Home Equity Lines of Credit:

The most common line of credit for consumers is a home equity line of credit (HELOC). With this type of loan, your home equity (that is, the value of your home that you truly "own") serves as collateral. These loans are popular because they allow you to borrow relatively large amounts at relatively low interest rates (compared to credit cards or unsecured loans).

Why is the interest rate lower? Banks consider these loans to be quite safe because they assume you'll repay the line of credit to avoid losing your home in foreclosure.

Your credit limit will be determined, in part, by your loan to value ratio, your credit scores, and your income.

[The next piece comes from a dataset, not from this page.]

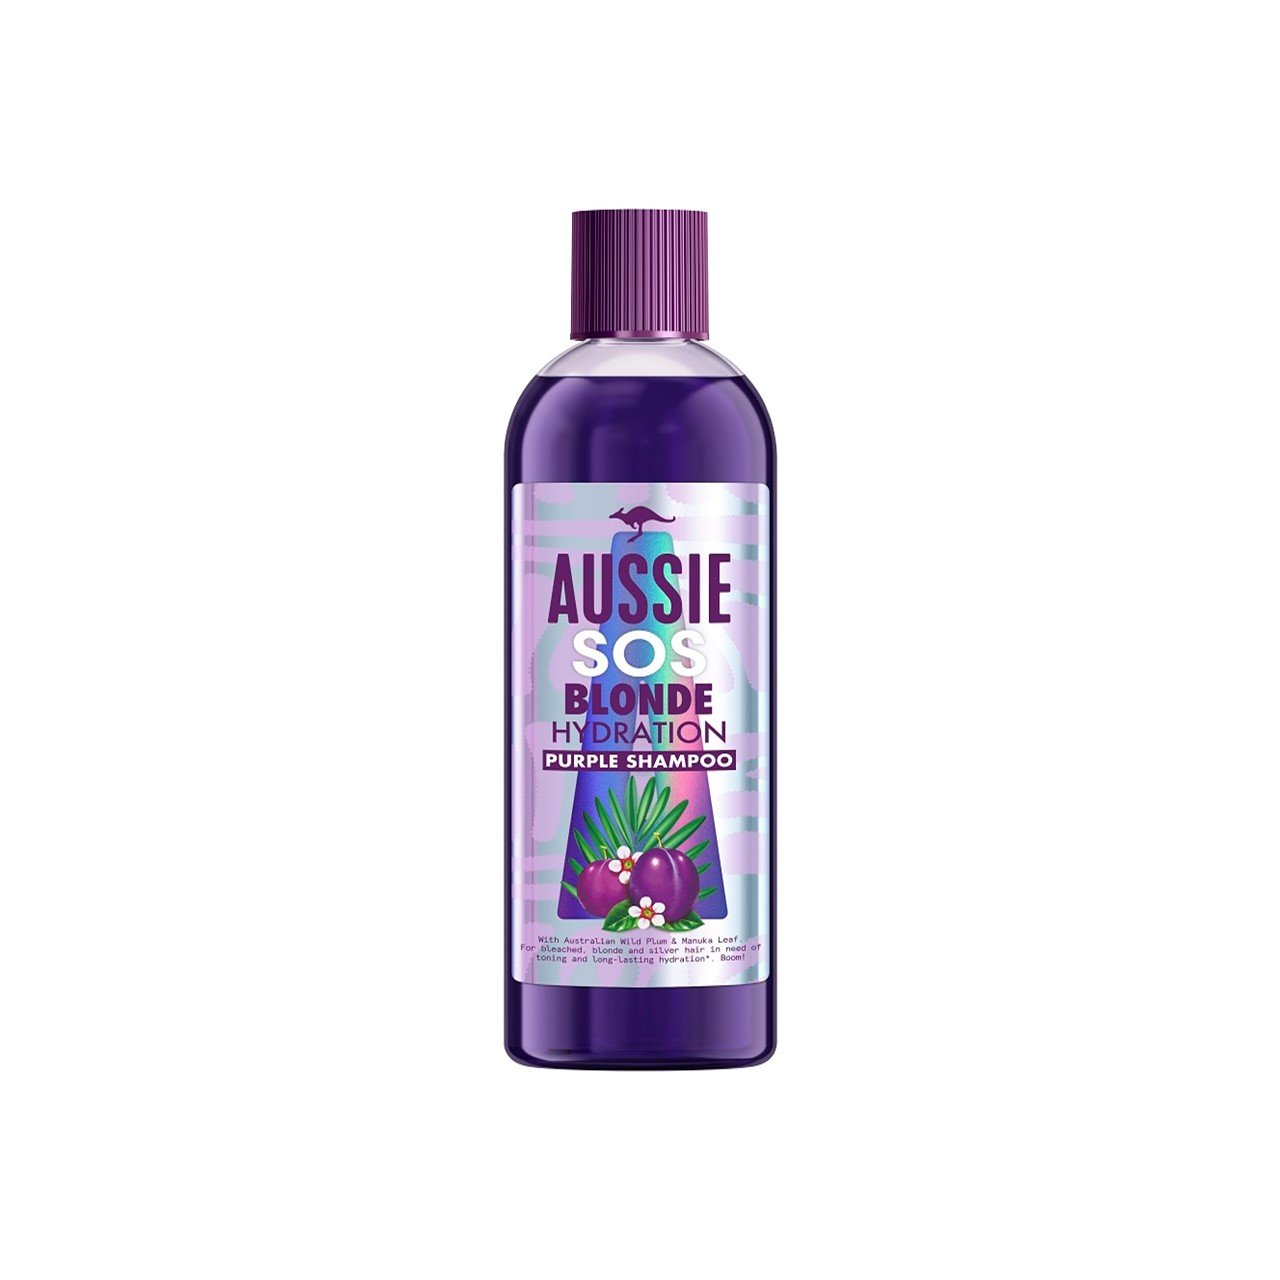 Aussie SOS Blonde Hydration Purple Shampoo 290ml (9.81fl oz)

Line of Credit vs Home Equity Loan:

Sometimes it's helpful to compare and contrast different types of loans. A HELOC is similar to a home equity loan, but there are some important differences.

Generally, a HELOC is more flexible than a home equity loan. You only borrow what you need, and you can typically go back for more money when you need to (as long as you stay below your maximum credit limit, and as long as your lender does not cancel your line of credit unexpectedly). You might use a checkbook or payment card to access your line of credit.

With a home equity loan or "second mortgage," you do it all in one shot. You'll get the entire maximum loan amount in one lump-sum, and you'll have to pay interest on the entire loan balance. With a HELOC, on the other hand, you only owe interest on any outstanding loan balance.

Typically your monthly payments will remain the same each month with a home equity loans, and you'll have a fixed interest rate (or one that only changes periodically). A HELOC will have a variable rate that can change frequently, so monthly payments can vary.

Credit Card Lines of Credit

Again, a line of credit can be very similar to a credit card. In fact, your credit card basically is a line of credit: you get to borrow up to a maximum limit, and you can repay and re-borrow numerous times.

Draw and Repayment Periods:

Your line of credit will have a draw period and a repayment period. During the draw period, you borrow money and use your line of credit. This may last for 10 years or so, and it looks and feels similar to a credit card account. During the repayment period, you repay principal and interest on the loan (see How Amortization Works).

Closing Costs:

Like most loans, lines of credit have closing costs. Factor these in when you make your decisions on lenders and loan types.

Overdraft Line of Credit:

Another type of line of credit is the overdraft line of credit, available in your checking account. That line of credit creates a small loan when you spend more than you have available in checking, and is usually less expensive than an overdraft fee (assuming you only overdraw by a few bucks).